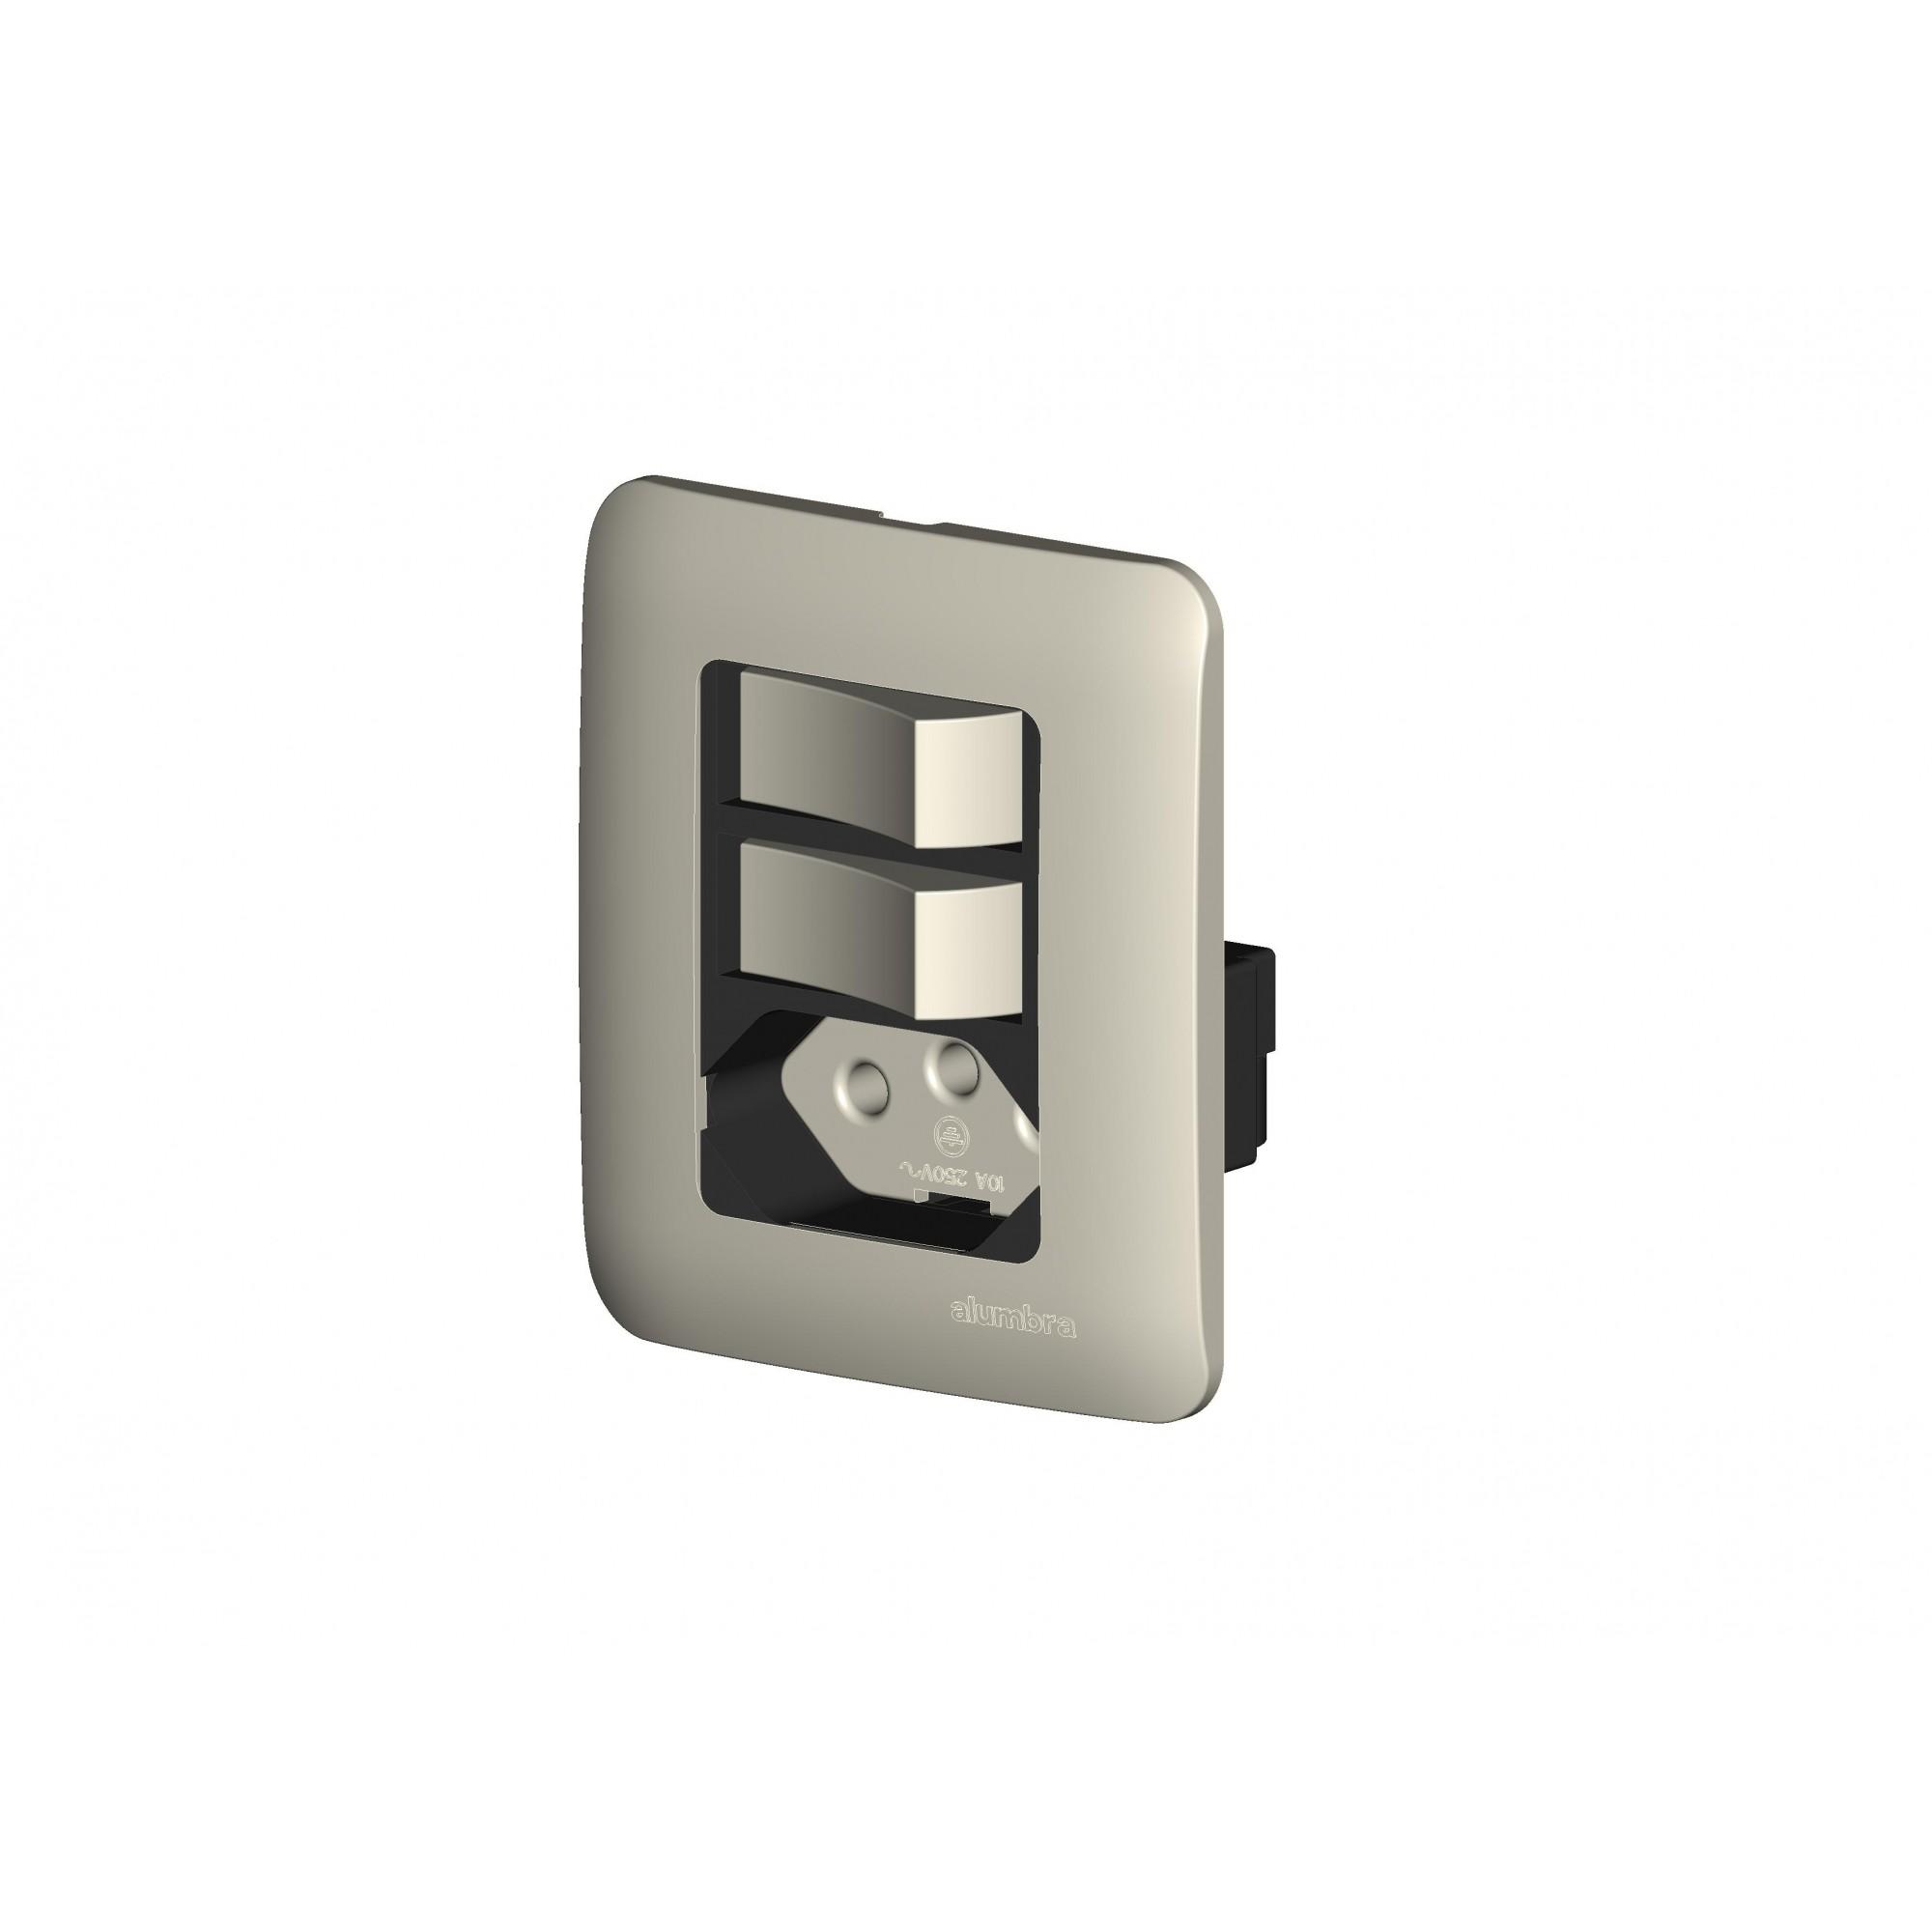 Conjunto De Sobrepor 1 Interruptores Paralelo  Elo + 1 Interruptor Simples + 1 Tomada 2P+T 10A Com  Placa - Branco - Alumbra - Linha A
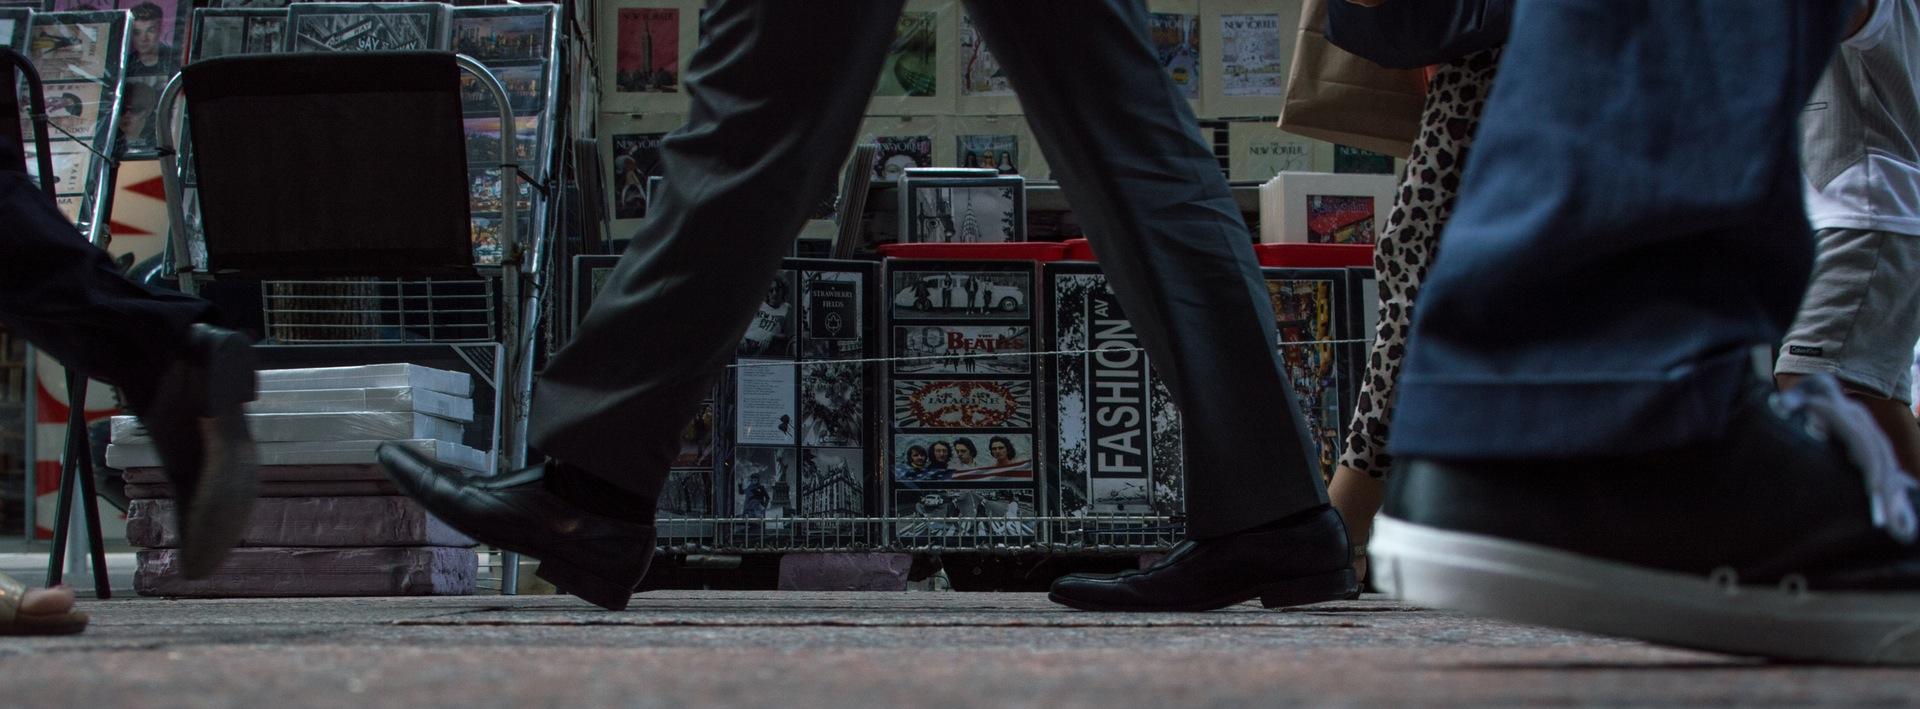 définit, gens, pieds, jambes, Rue, chaussures, entreprise - Fonds d'écran HD - Professor-falken.com
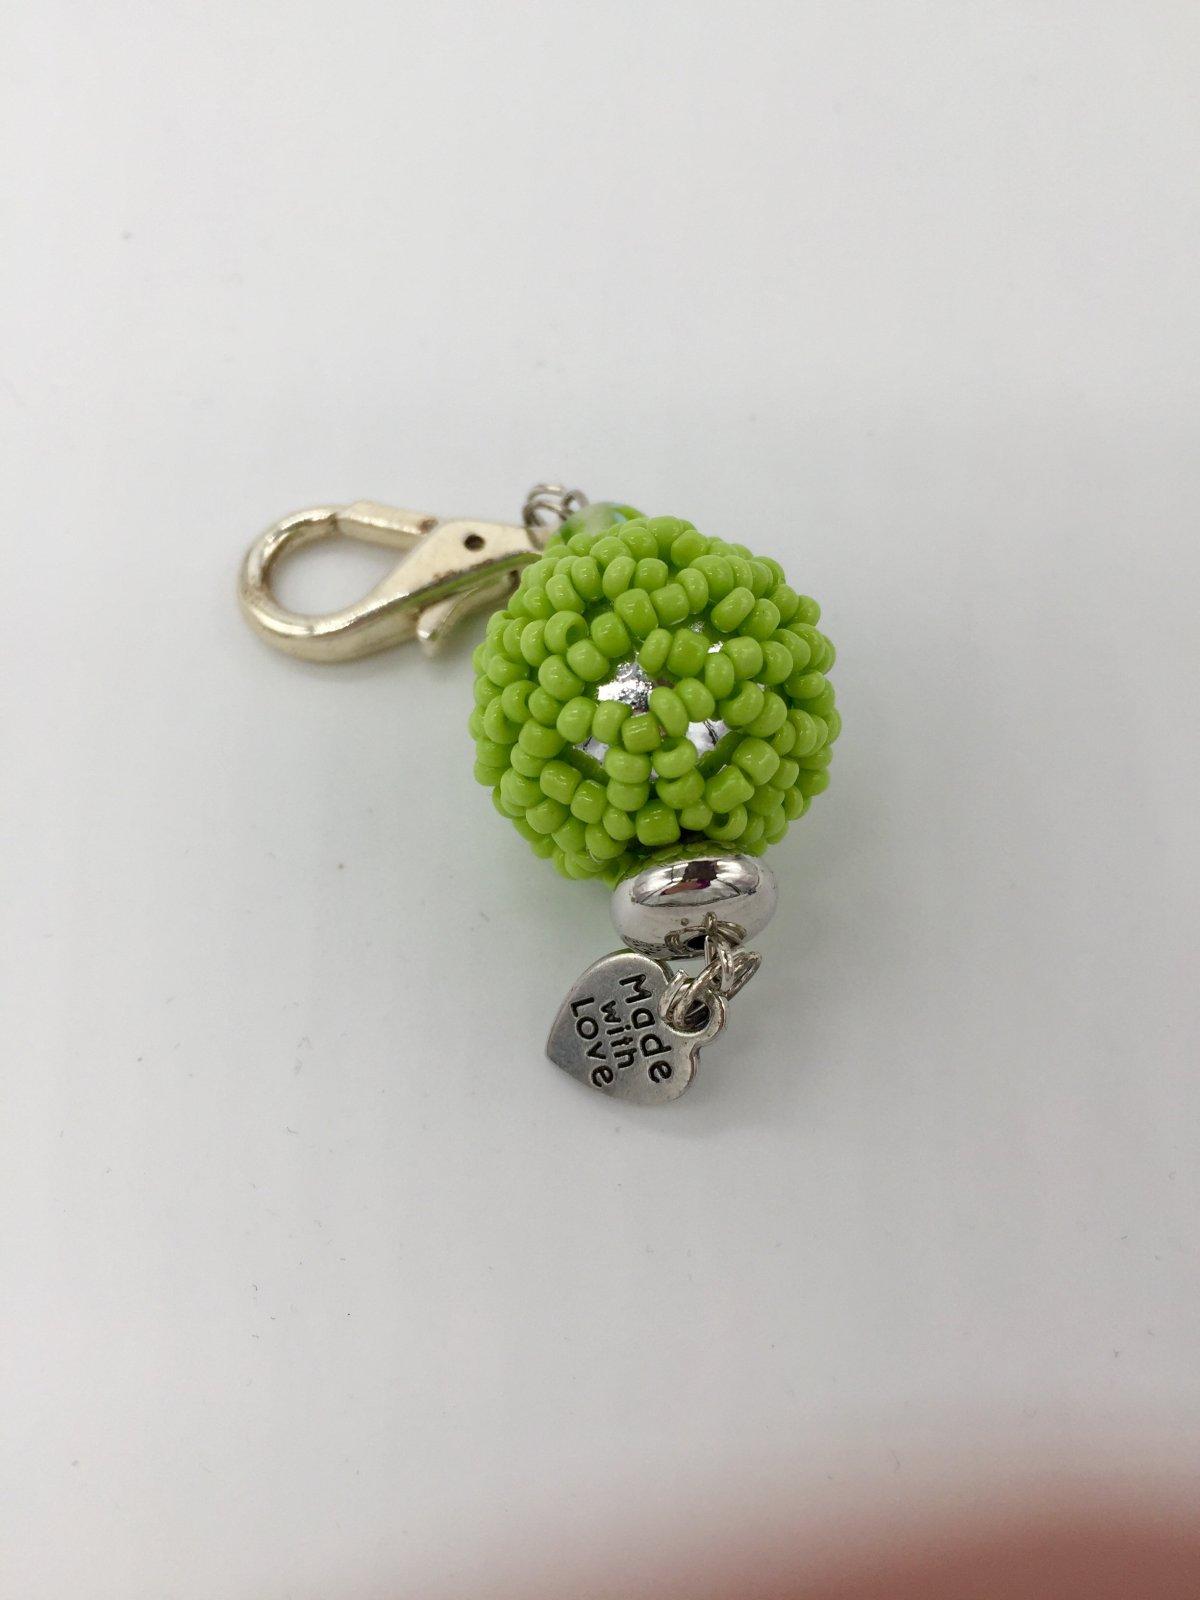 Zipper Pull - Green Beads
........
**YOUR OBJECTIVE**
Please return the whole listing exactly. Do not copy its images.

**RESULT**
 Conjunto De Sobrepor 1 Interruptores Paralelo  Elo + 1 Interruptor Simples + 1 Tomada 2P+T 10A Com  Placa - Branco - Alumbra - Linha A
 définit, gens, pieds, jambes, Rue, chaussures, entreprise - Fonds d'écran HD - Professor-falken.com
 Zipper Pull - Green Beads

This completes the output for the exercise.